** Opening PROVIDED MATERIAL block **

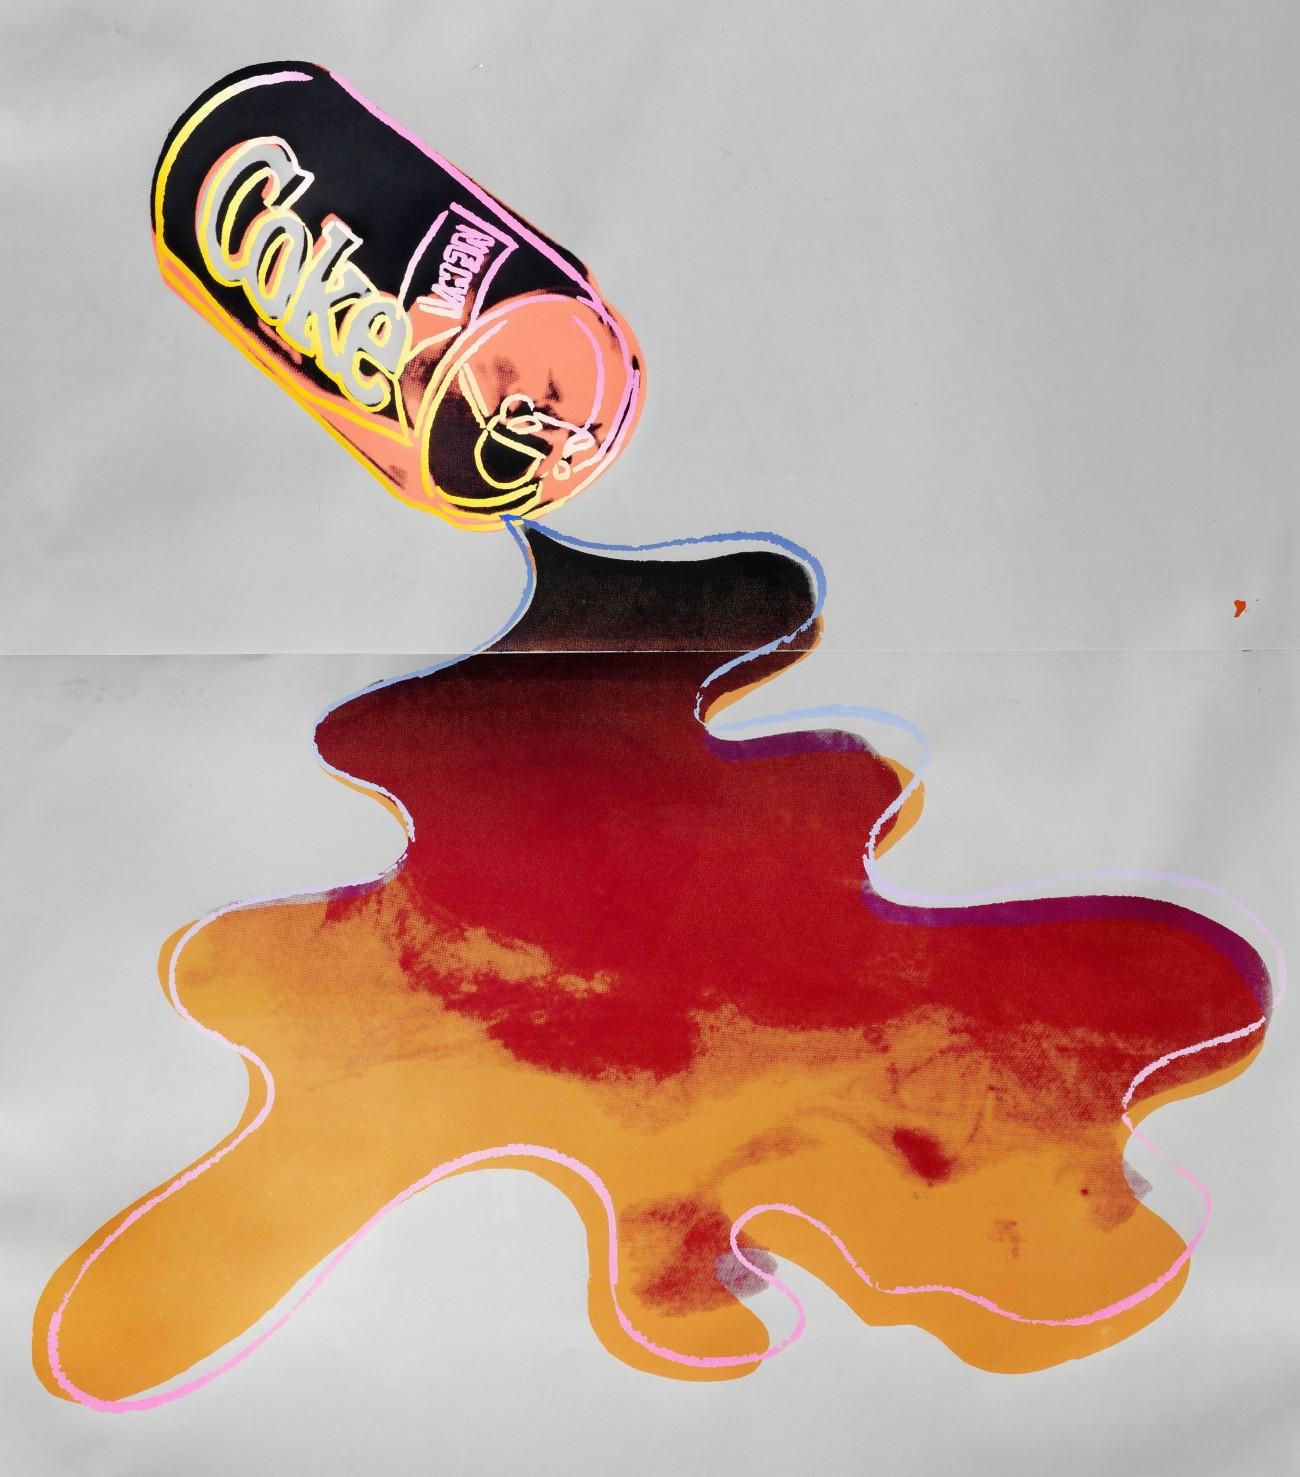 139 Andy Warhol (American, 1928-1987) New Coke Screenprint in colours £15,000-20,000
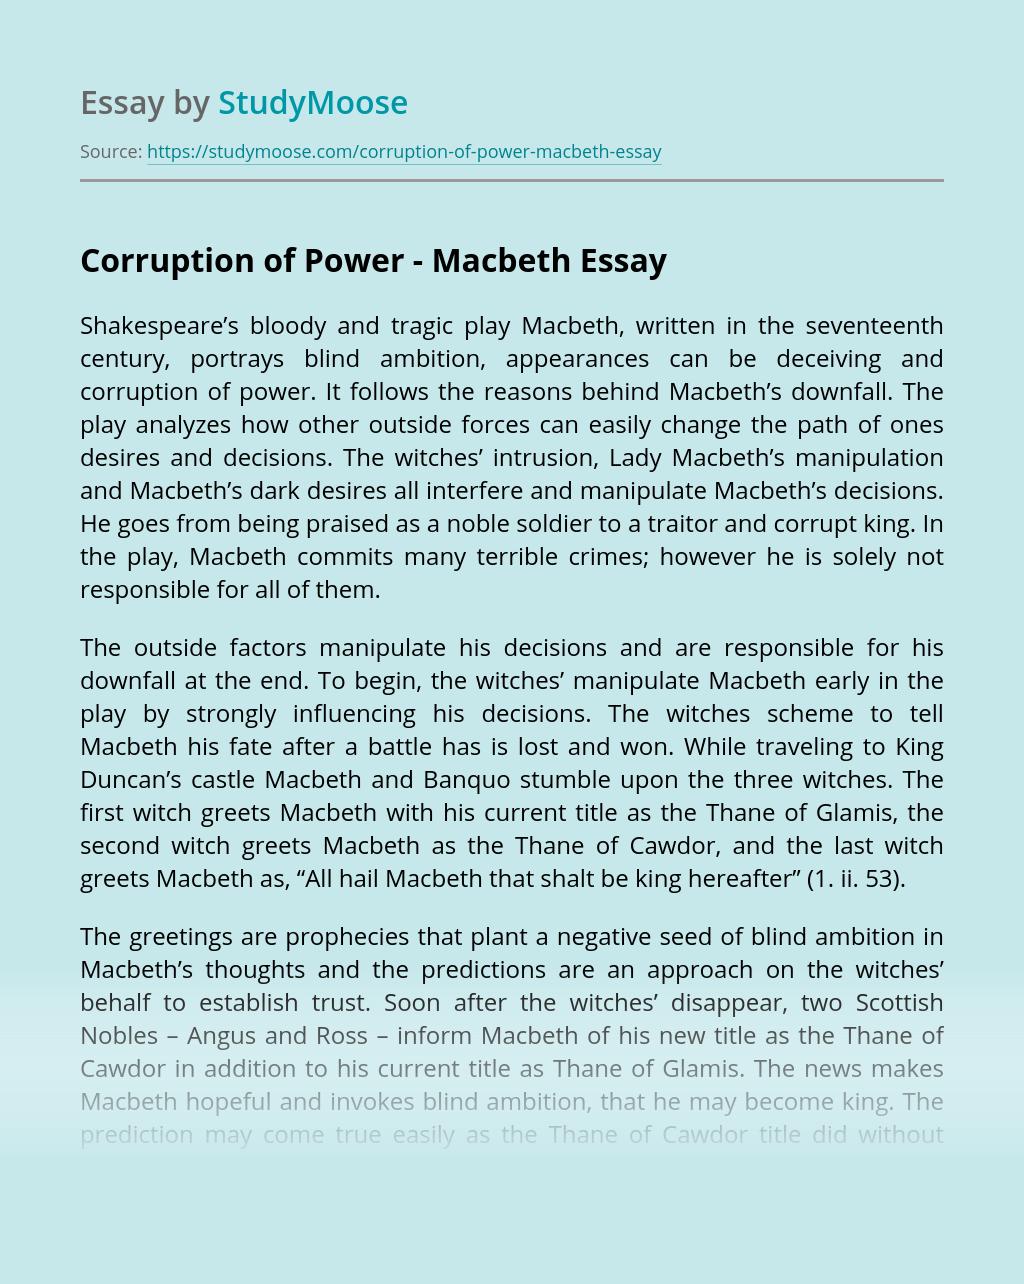 Corruption of Power - Macbeth
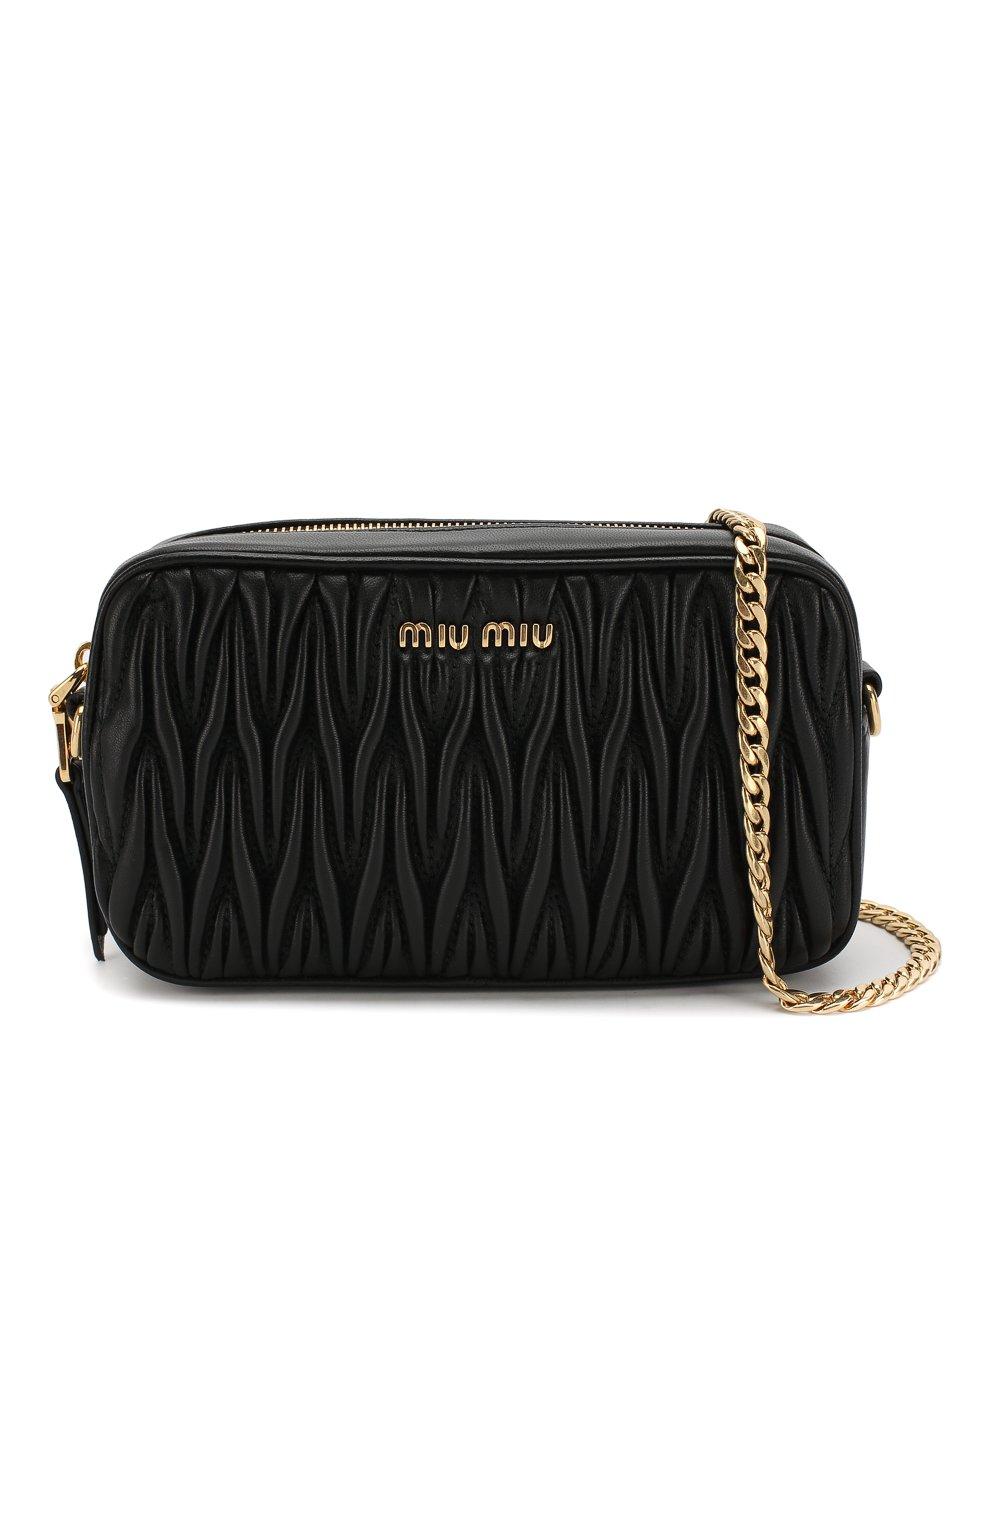 Женская поясная сумка MIU MIU черного цвета, арт. 5BL005-N88-F0002-COO | Фото 6

** Closing PROVIDED MATERIAL block **

# REQUIRED WORK
The lines to write out run from the one containing "Corruption of Power - Macbeth" through the final line of the material above, both included; write them out exactly, with no pictures.

# TASK OUTPUT
 Corruption of Power - Macbeth
 Женская поясная сумка MIU MIU черного цвета, арт. 5BL005-N88-F0002-COO | Фото 6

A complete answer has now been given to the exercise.